Abstract

Calcium, in the form of calcium phosphate crystals, is the essential mineral component of the skeleton that confers both rigidity and strength to bone tissue. Deposition of calcium phosphate at the mineralization front, absorption of calcium from the diet, and regulation of calcium and phosphate homeostasis are dependent on the sufficiency of the vitamin D stores and their metabolism to biologically active forms of vitamin D. Skeletal calcium is derived solely from the diet (1). Because foods that are calcium rich are limited and because calcium absorption from the diet is normally only about 30 to 40% efficient, suboptimal calcium content of the skeleton may readily develop (2). This is not true for phosphate, except in neonates, and dietary deficiency only arises when dietary phosphate is bound within the gut by such medications as antacids containing aluminum hydroxide (3). Vitamin D stores are maintained by the production of vitamin D in the skin from the action of sunlight on 7-dehydrocholesterol.
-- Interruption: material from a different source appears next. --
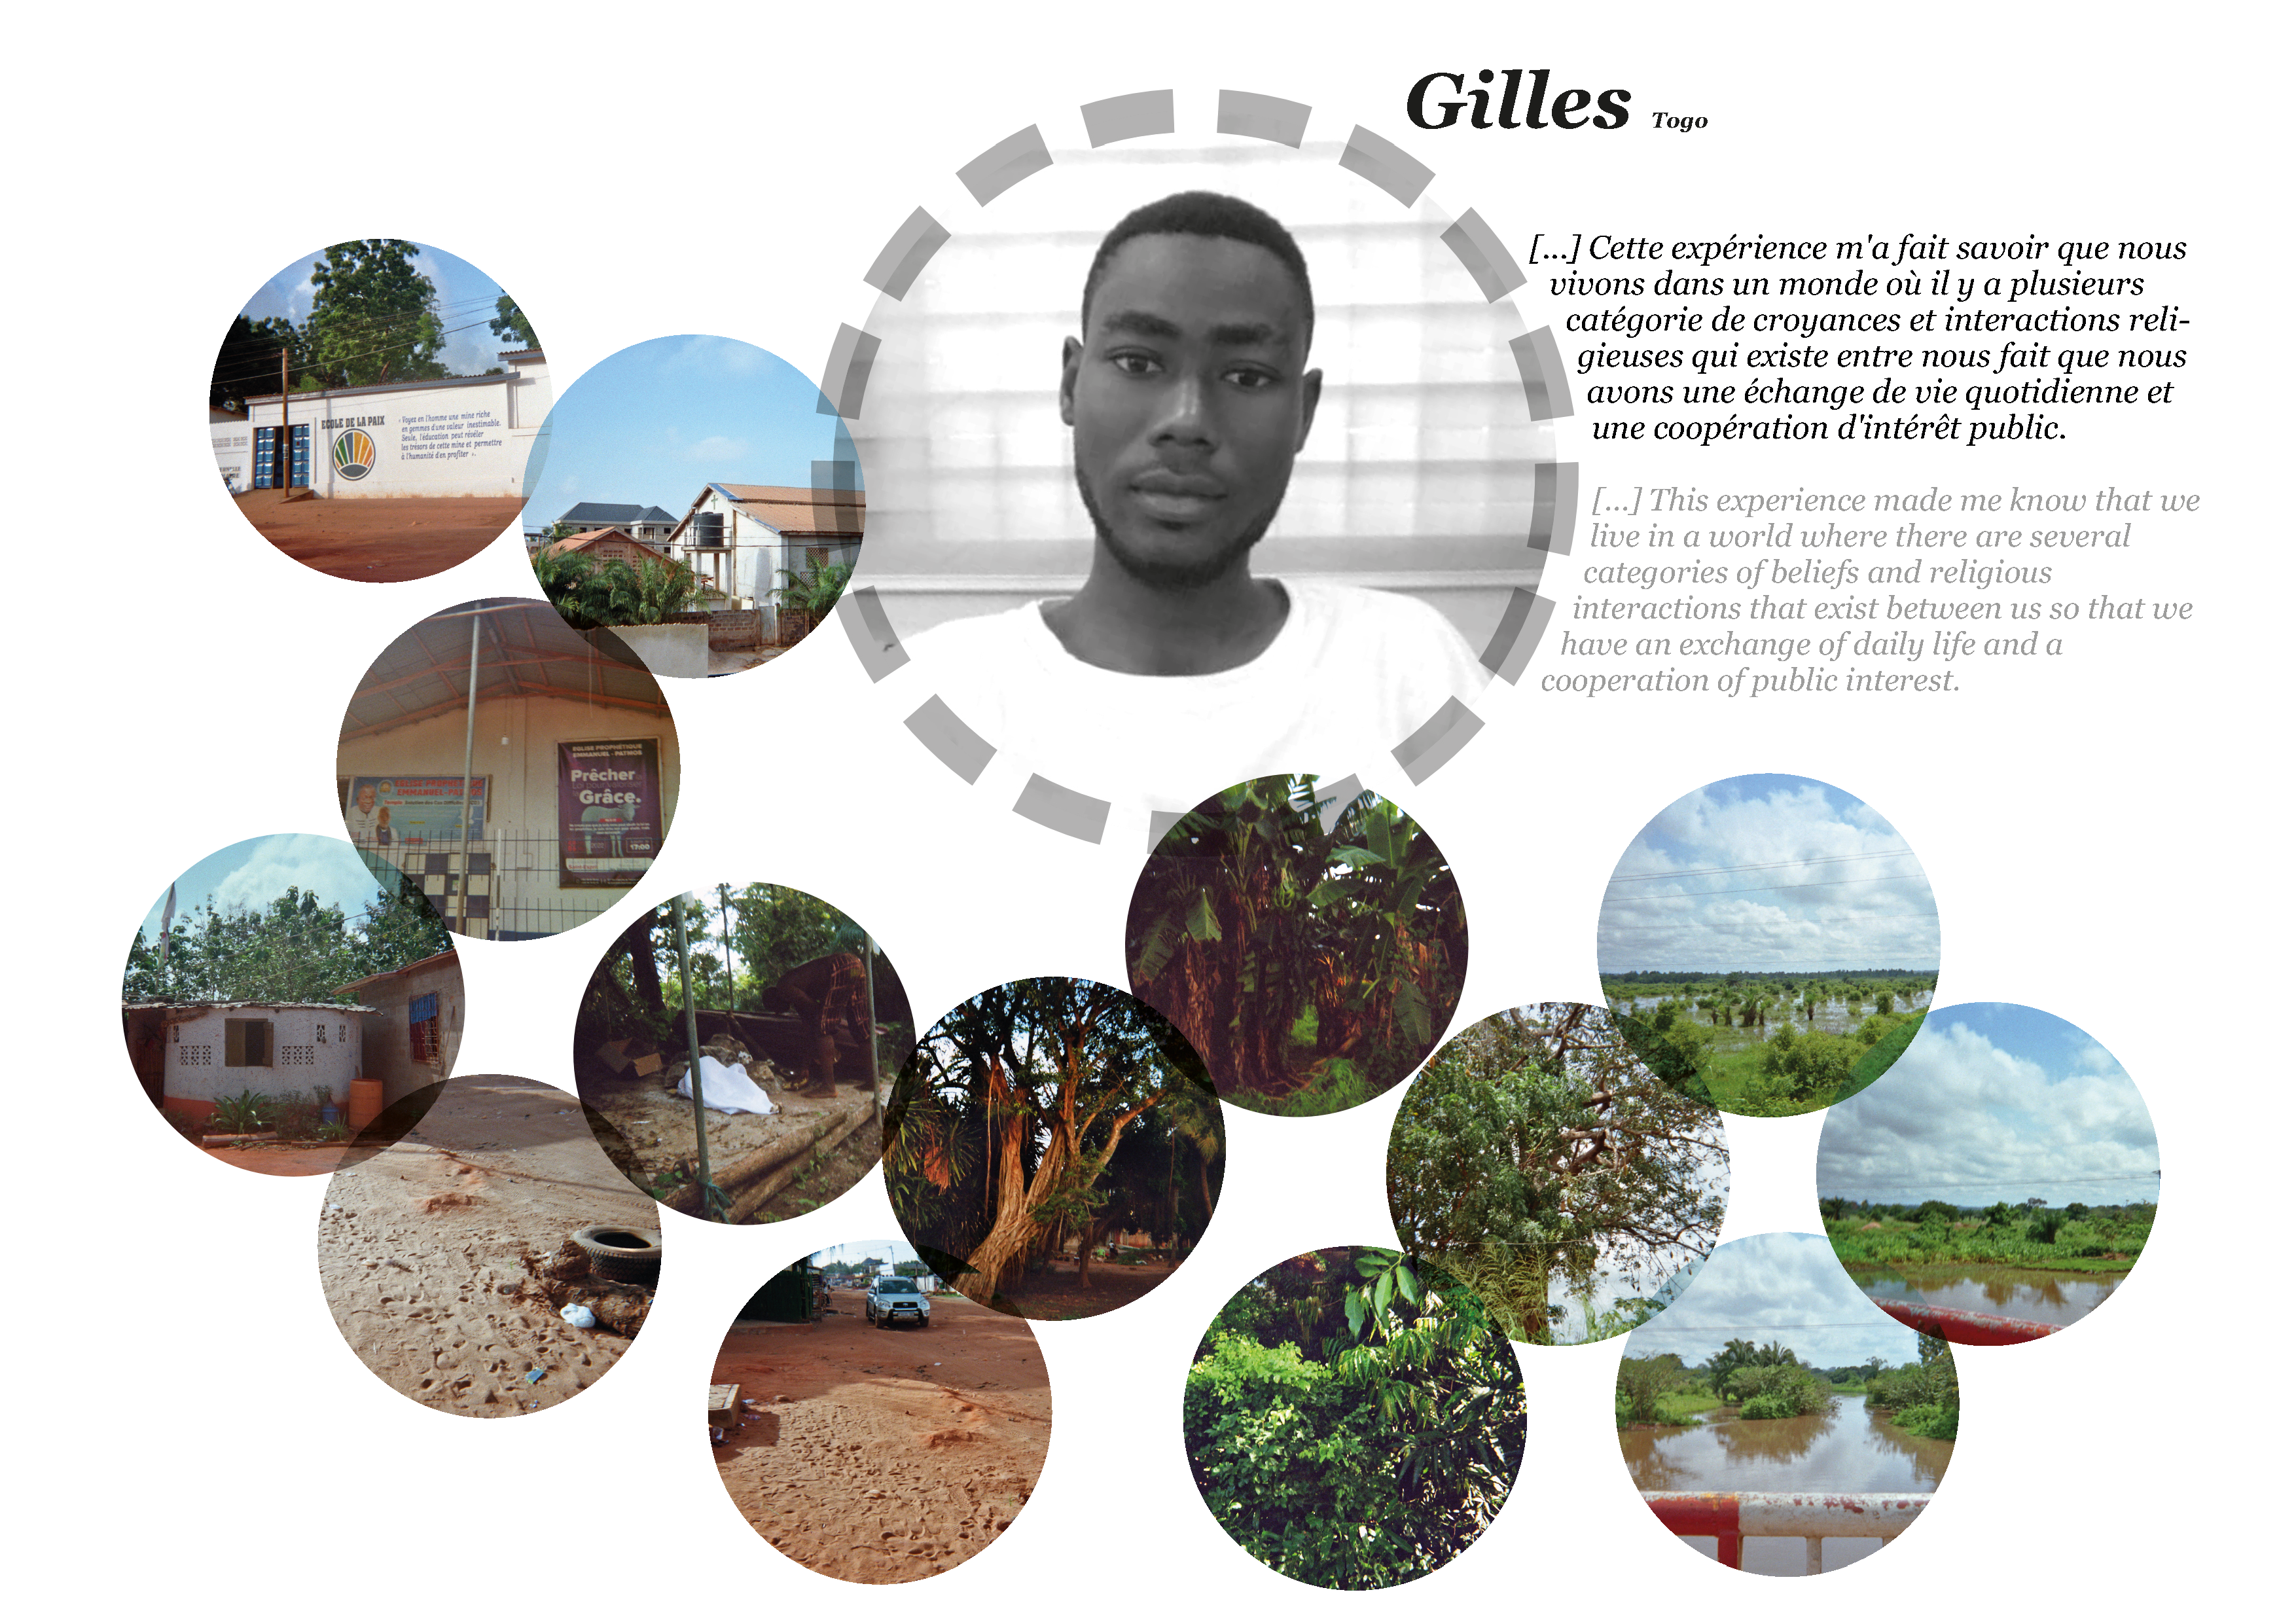 Collage of pictures of religion and peace by Gilles in Togo

Only minor amounts are derived from dietary sources. Thus, vitamin D stores are readily depleted in populations with limited sunlight exposure (4). Calcium phosphate and vitamin D together are essential factors at all stages in the life of the skeleton from its development in the fetus, to its growth during childhood and adolescence, its consolidation in young adults to achieve peak bone mass and to its response to the aging processes.